Marketing is not just taking over because of generational preferences or changing customer habits, and while technology is replacing much of the work marketers do, marketing remains fundamental and in being so, is reshaping the structure and economics of startups.

The End of Traditional Sales

The rise of digital-first generations — Millennials and Gen Z — has rendered traditional sales strategies nearly obsolete. Heck, I can point to myself, in Gen X, being one of the earliest adopters of and working professionals online; if you want to sell me, I’m going to show you the door. Such customers prefer to educate themselves. They’d rather dive into a YouTube rabbit hole of product reviews, TikTok testimonials, or Reddit threads than spend five minutes on a sales call. I use AI and social media to find the ideal solutions for my needs and in the same process, make no mistake, I ensure that I’m seeking solutions that do NOT require sales calls, demos, and webinars.
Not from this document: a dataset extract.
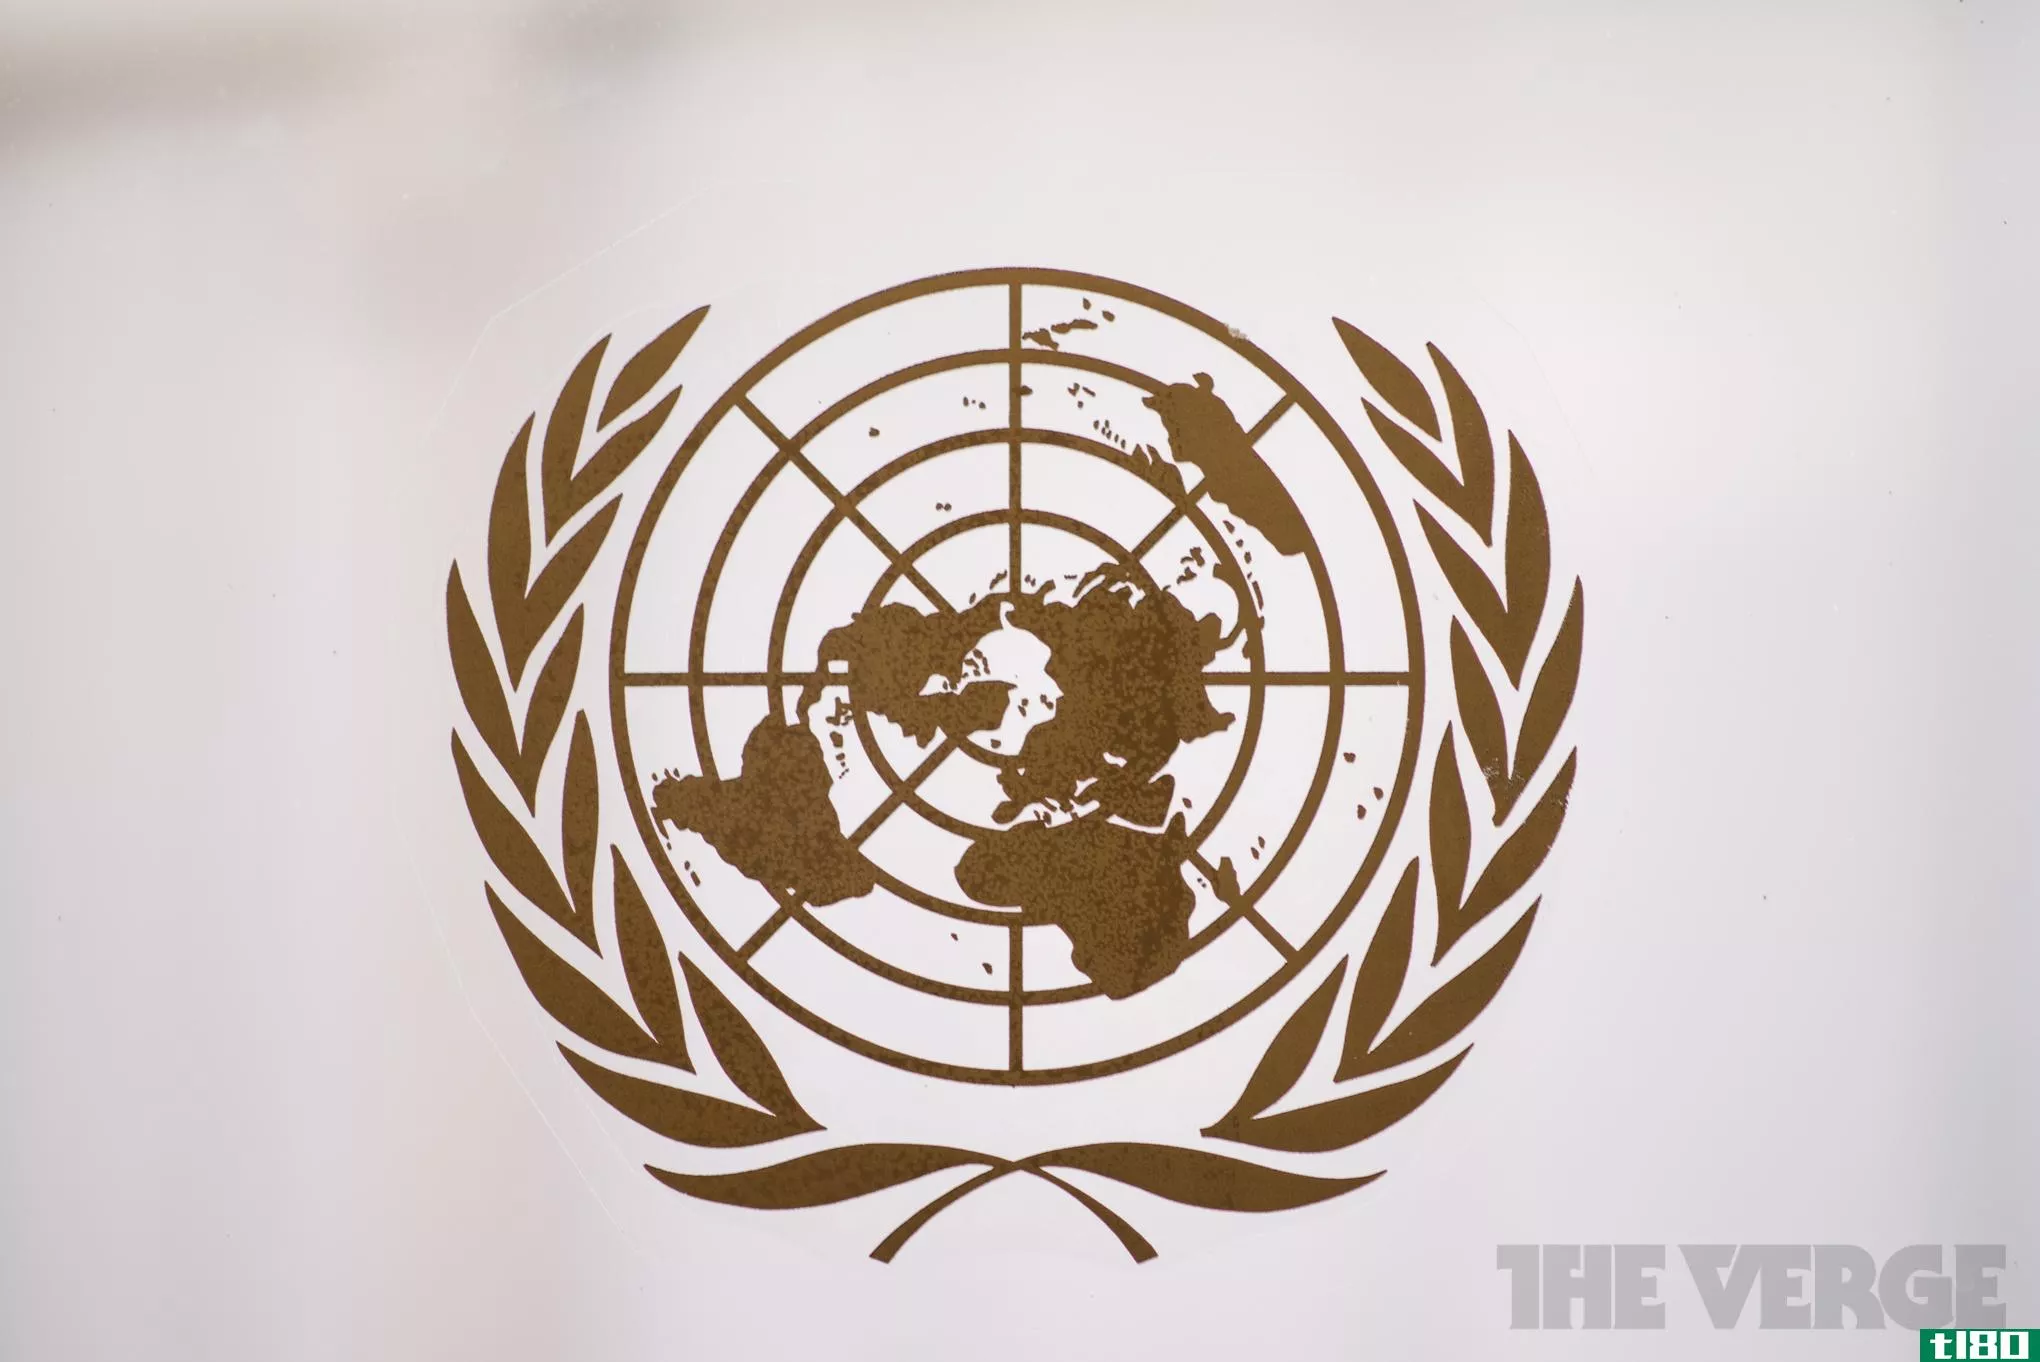 联合国人权报告批评美国的监视、无人机使用和酷刑

This behavioral shift has forced SaaS companies to pivot. Every successful SaaS company I’ve seen mastered marketing first, leaning heavily on content, community, and self-service models. Traditional sales only came into the picture 3–4 years later, often as a secondary function to nurture and upsell existing users rather than acquire new ones. What we heard in startup ecosystems years ago was that if you’re building SaaS, you’d better launch with a way for your audience to just sign up and use it — astonishingly, startups today continue neglecting this, and they don’t get our business.
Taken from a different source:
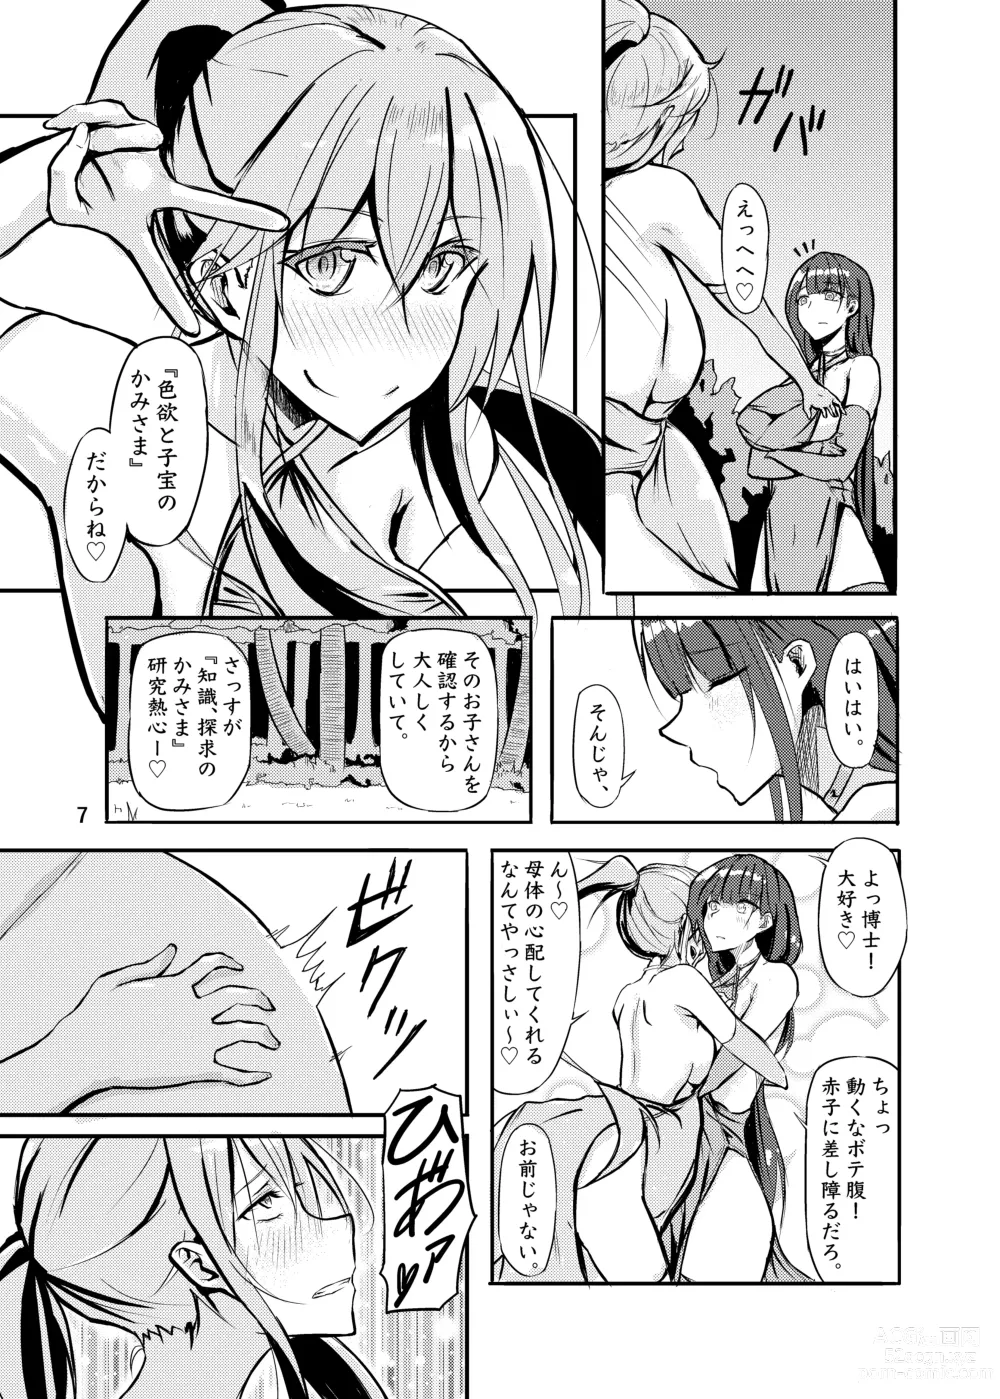 Page 7 of doujinshi 800-man Hiki no Kami-sama.

Amusingly in that happening, Sales and that user experience that would guide SaaS to be immediately available, were roles in an organization that used to live under Marketing…

The Fragmentation and Decline of Marketing’s Role

Historically, marketing commanded a significant share of budgets and played a central role in a company’s strategy. It wasn’t just a department; it was the engine driving awareness, sales, and customer loyalty. Marketing was the thread that connected the product to the market, ensuring the business stayed aligned with customer needs and preferences.

But as the digital age accelerated, a phenomenon emerged that changed this dynamic: the Digital Divide.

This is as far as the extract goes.